Bubble tea was first invented in Taiwan in the '80s and recently started making a comeback.
According to NPR, bubble tea is a big thing in Asia - everyone loves it: creamy, sweet, often flavoured tea with chewy black tapioca pearls bobbing at the bottom of a tall cup, and a big straw with which to slurp them up. There's a general misconception that these chewy tapioca pearls are the bubbles - but they're not. They're just the pearls! The bubbles in bubble tea come from the fact that the drink, once prepared, is shaken in a cocktail shaker to produce actual bubbles and make the drink frothy.
And bubble tea isn't just back - it's playing ambassador to a whole host of other foods and trends.
The tea-based drink is also known as pearl milk tea or boba milk tea and is a refreshing alternative to your typical milkshake or fizzy cordial during the warmer months. These unusual teas come as a fruit, milk or tea base blended with ice and come with small chewy tapioca balls, also known as 'bubbles' or 'pearls'.

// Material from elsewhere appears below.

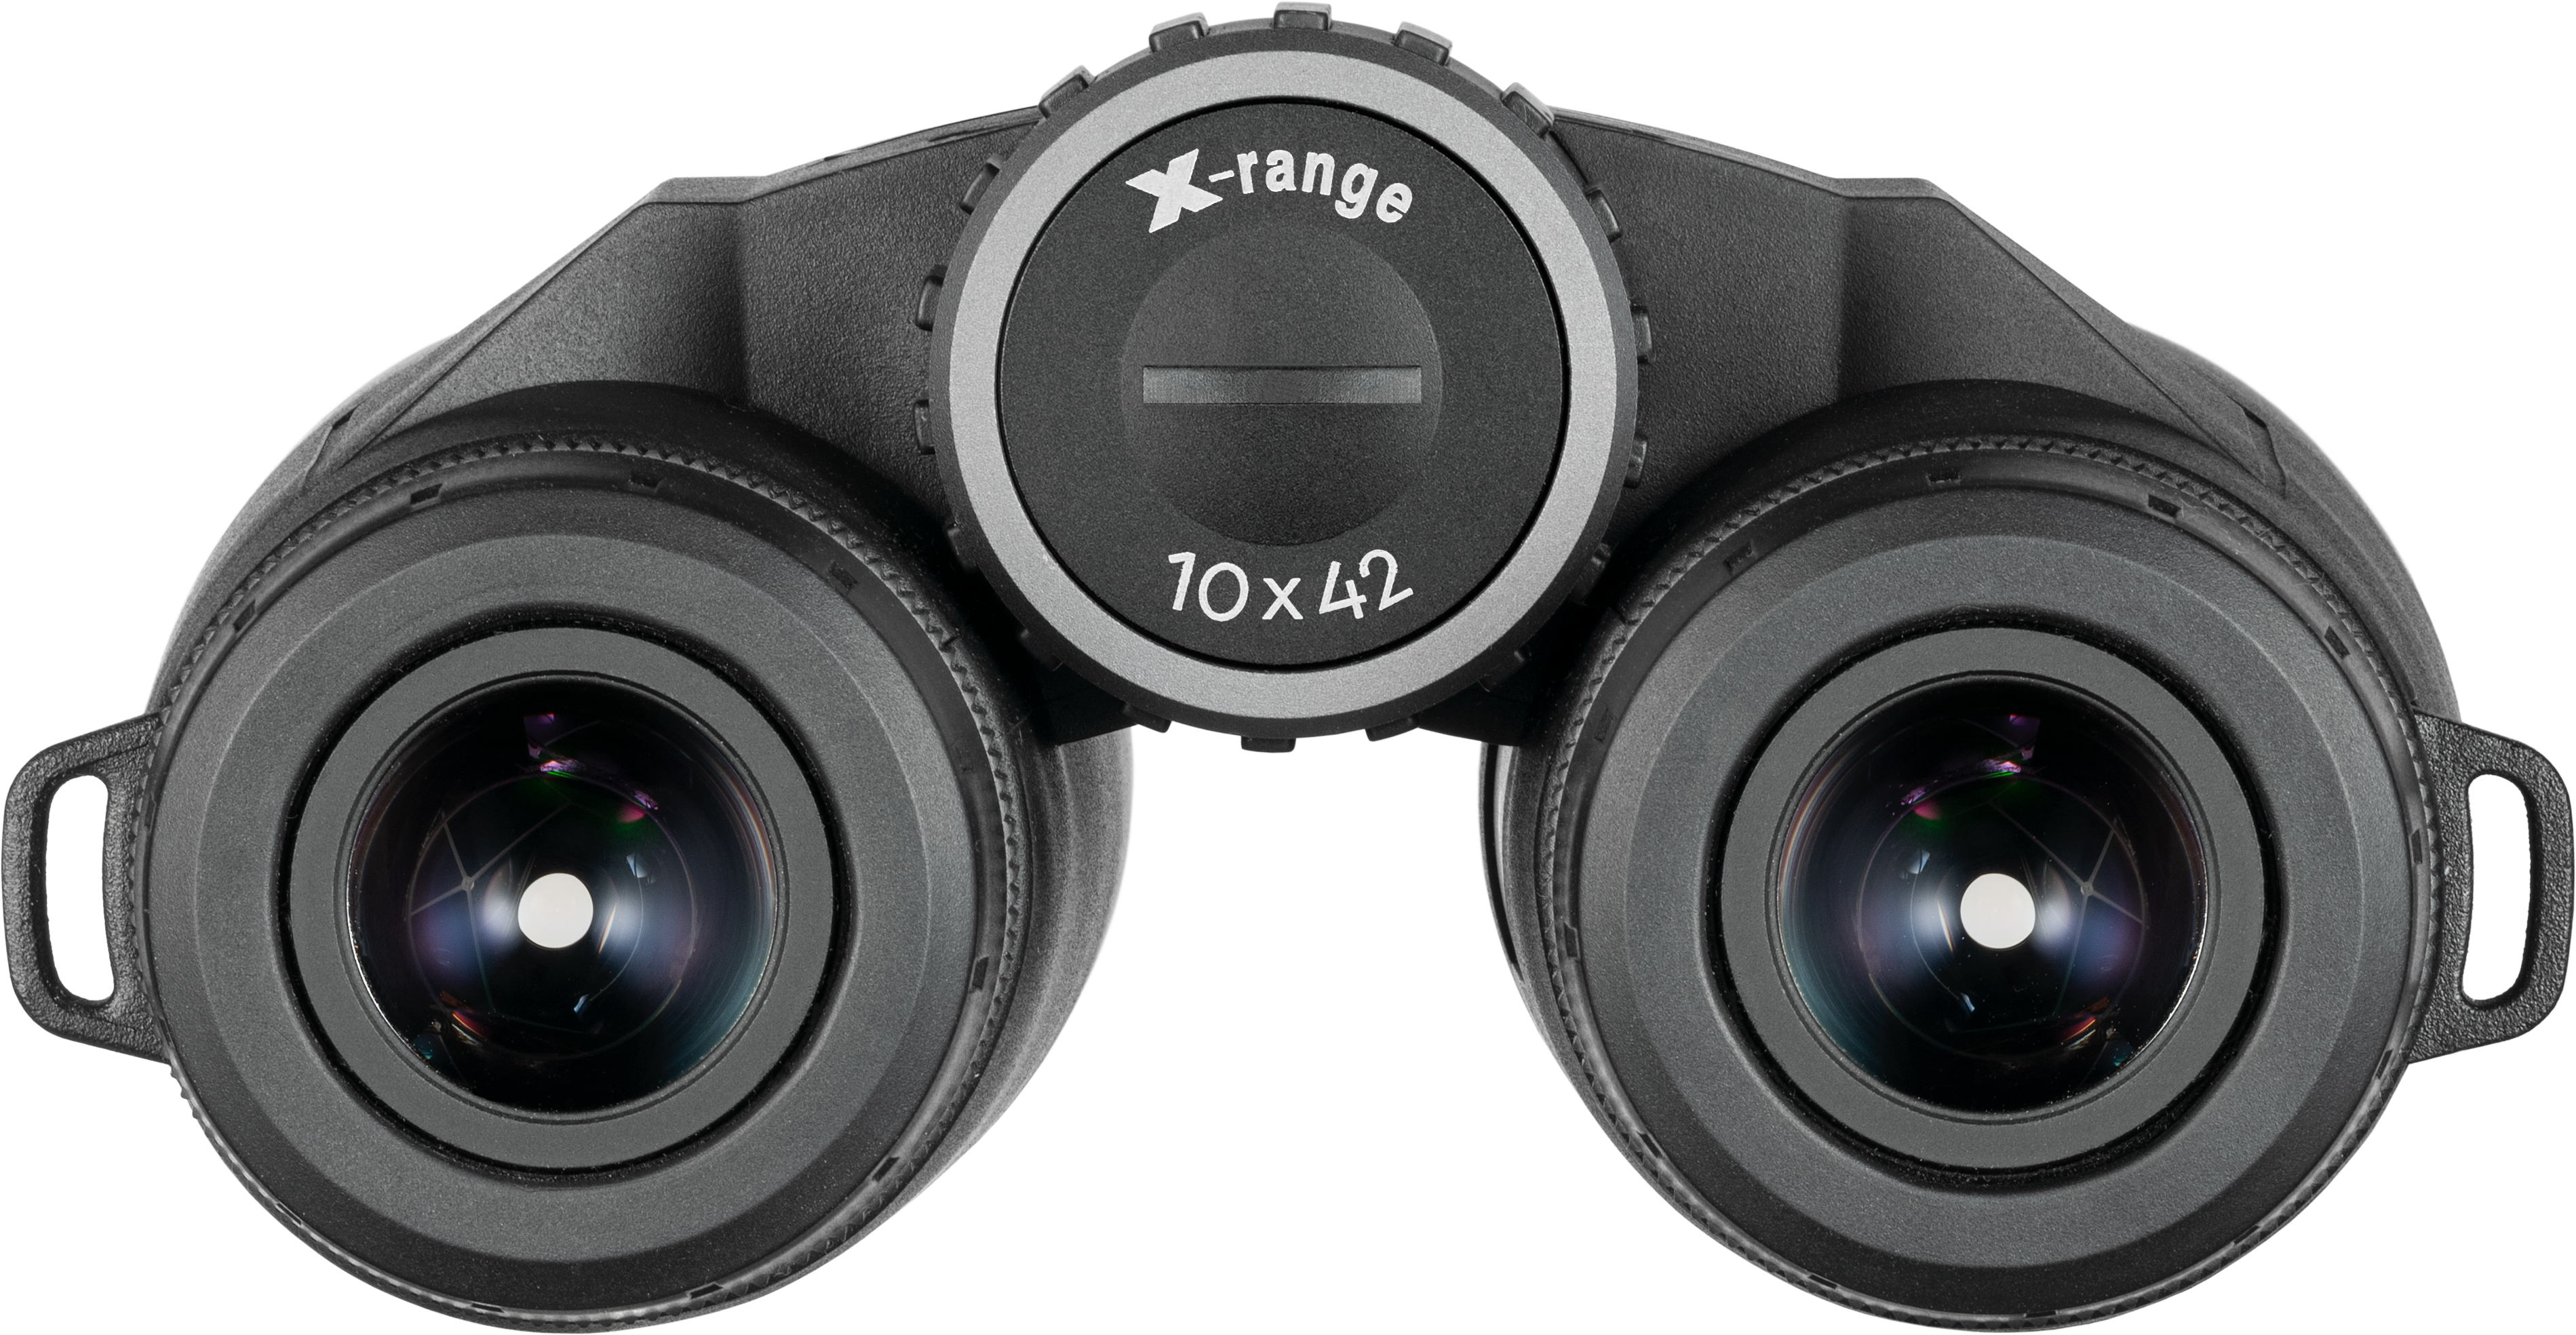 MINOX X-Range 10x42 mit Entfernungsmesser

According to Hot 100 FM, the beverage enjoyed a brief moment of popularity in major metropolitan areas in the late aughts, popping up on college campuses or near communities with large Asian populations. (One such place, in New York City's Union Square, even had a lofted DJ booth.) But the trend dried up quickly.

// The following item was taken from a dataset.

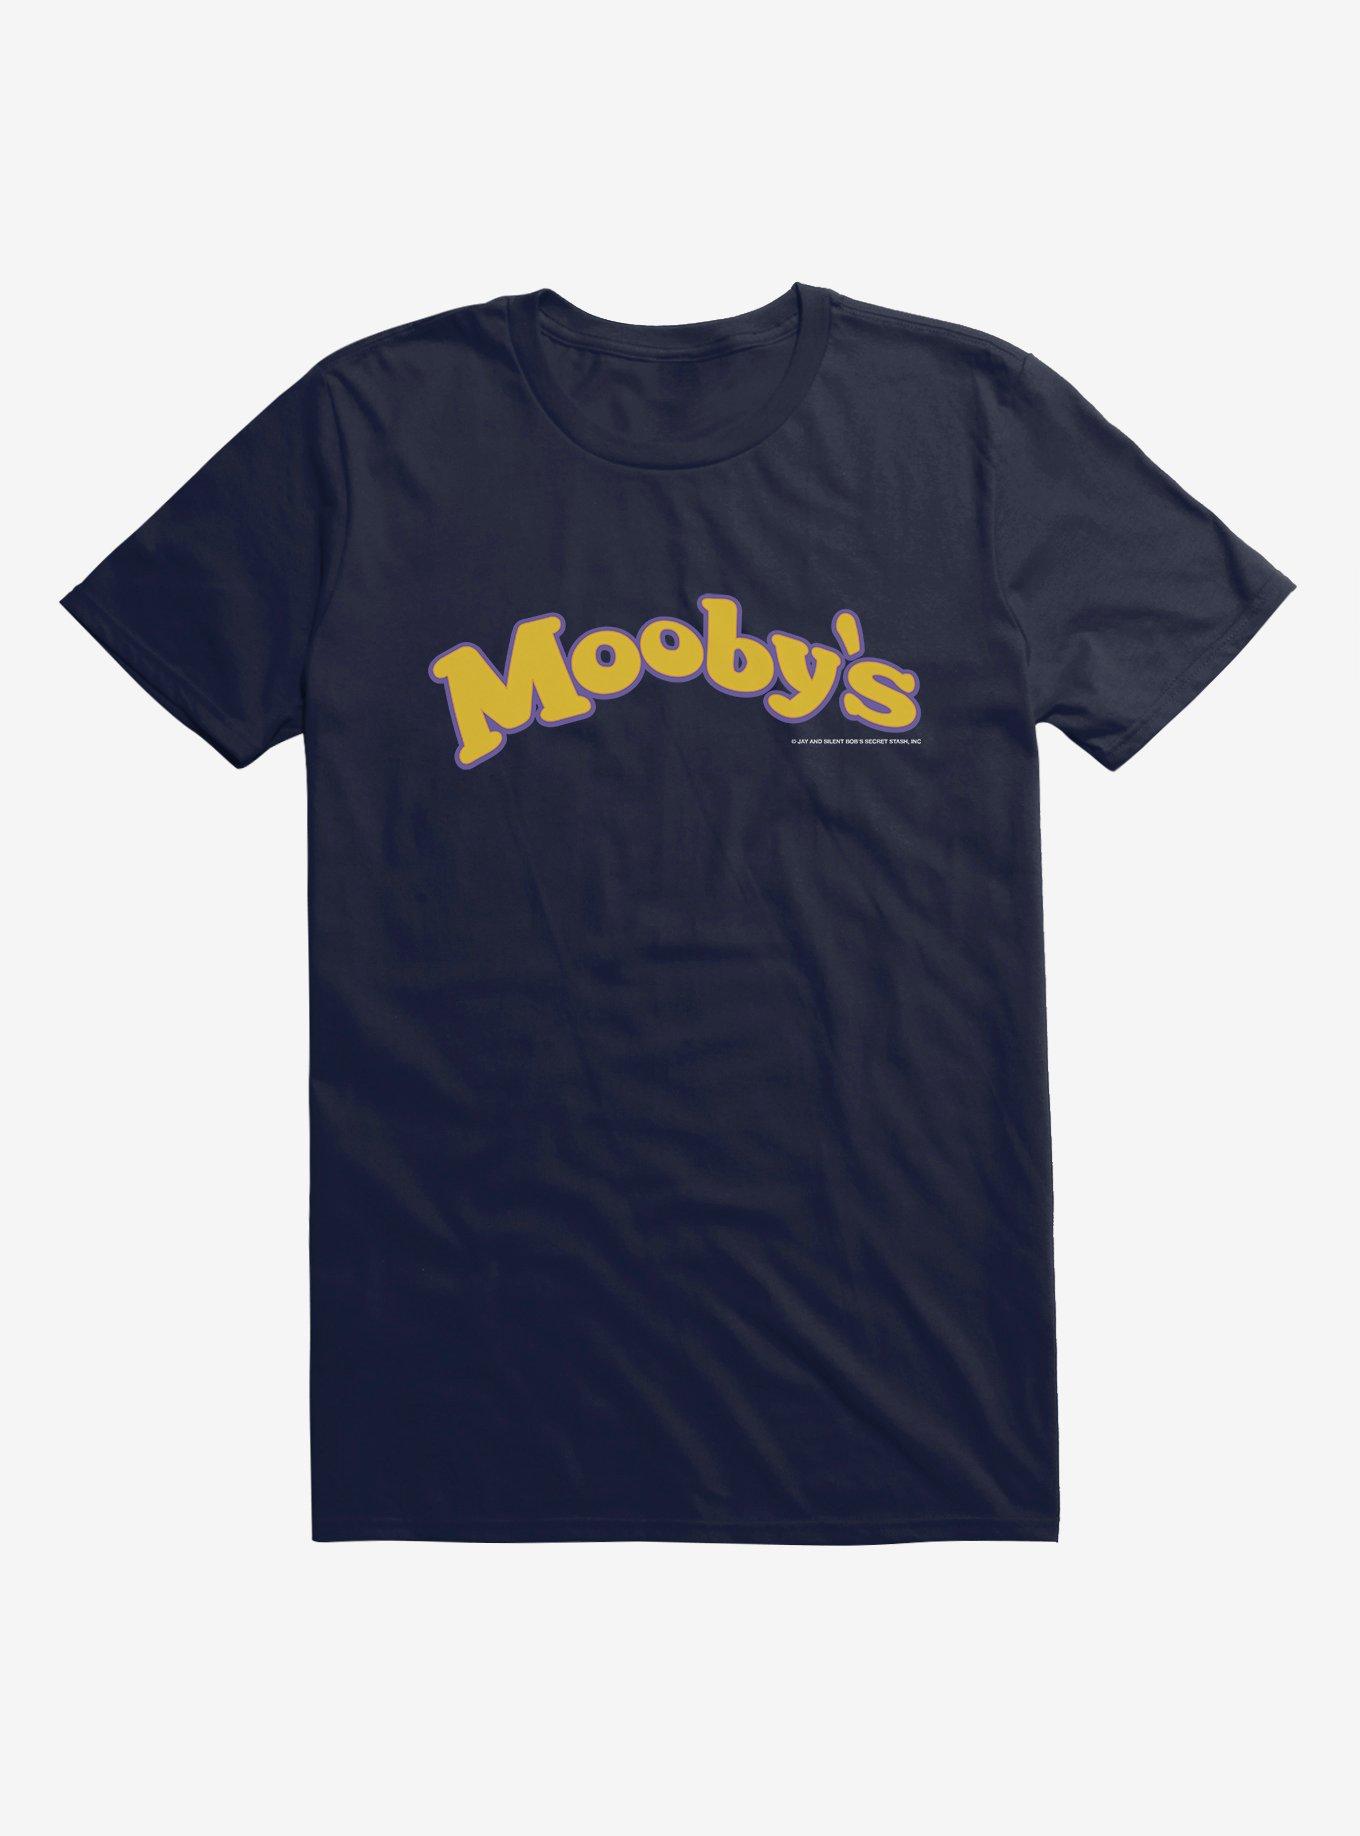 Jay And Silent Bob Reboot Mooby's Name Logo T-Shirt, , hi-res

"What we saw before was a segment that didn't grow," says Andrew Chau, co-founder of the popular chain Boba Guys, which has three stores - in San Francisco and New York City. He explains that a majority of these shops opened next door or down the street from existing stores. "They were all stealing customers from each other, and no one made money."
But now there is this new Boba 2.0.
Boba Guys' model puts its ingredients front and center. The chain uses organic milk and sources its own teas. Its jellies (lightly gummy substitutes for the tapioca pearls) are made in house. And there are plans to begin testing house-made tapioca pearls in the near future as well. Bubble Tea chains like Boba Guys aren't married to the original recipe. And some experiments, like horchata boba tea, have no tea in them at all.

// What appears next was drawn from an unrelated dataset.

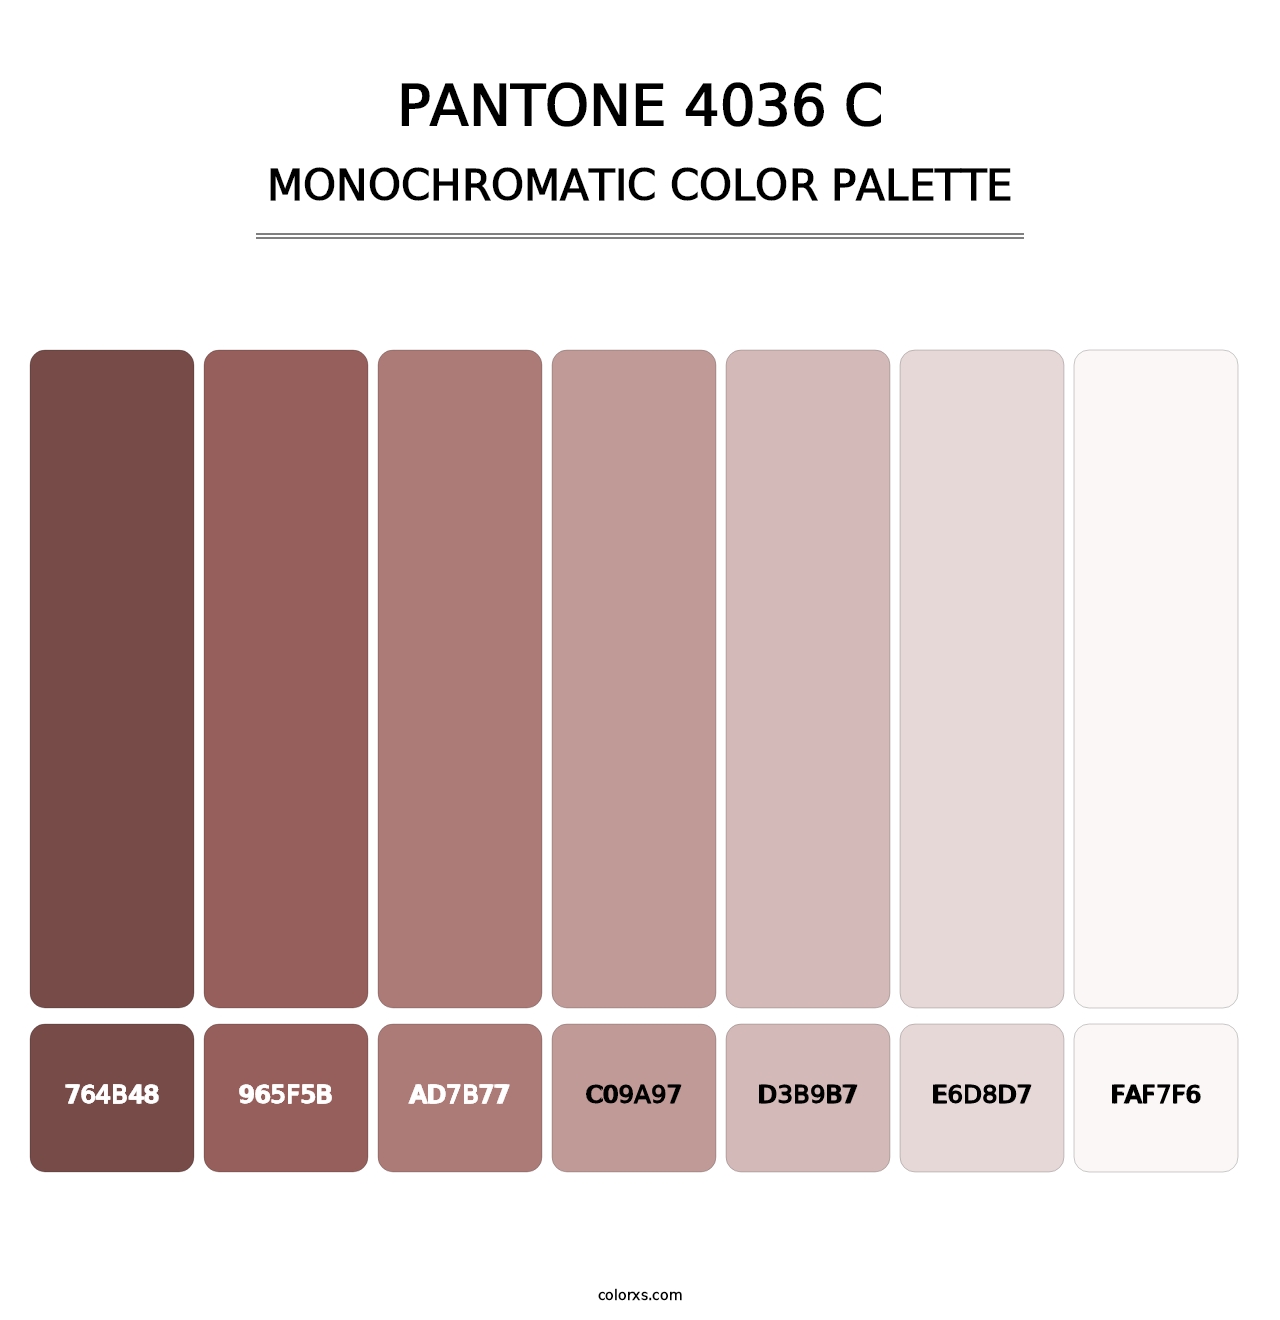 PANTONE 4036 C - Monochromatic Color Palette

Some boba purveyors are even trying to lure cocktail lovers. Called Boba 7, the backroom serves boba cocktails made with beer or the Korean alcohol soju, in addition to an inventive nonalcoholic menu.
"They would take exciting boba drinks, pour some shots in there, and think that's what makes it a cocktail," Keung says. "That just makes it worse."
Bringing in different trends, cultures and age-groups is what Boba 2.0 is all about. "If we're going to bridge cultures, we want to bring the best of the West and the best of the East," says Chau.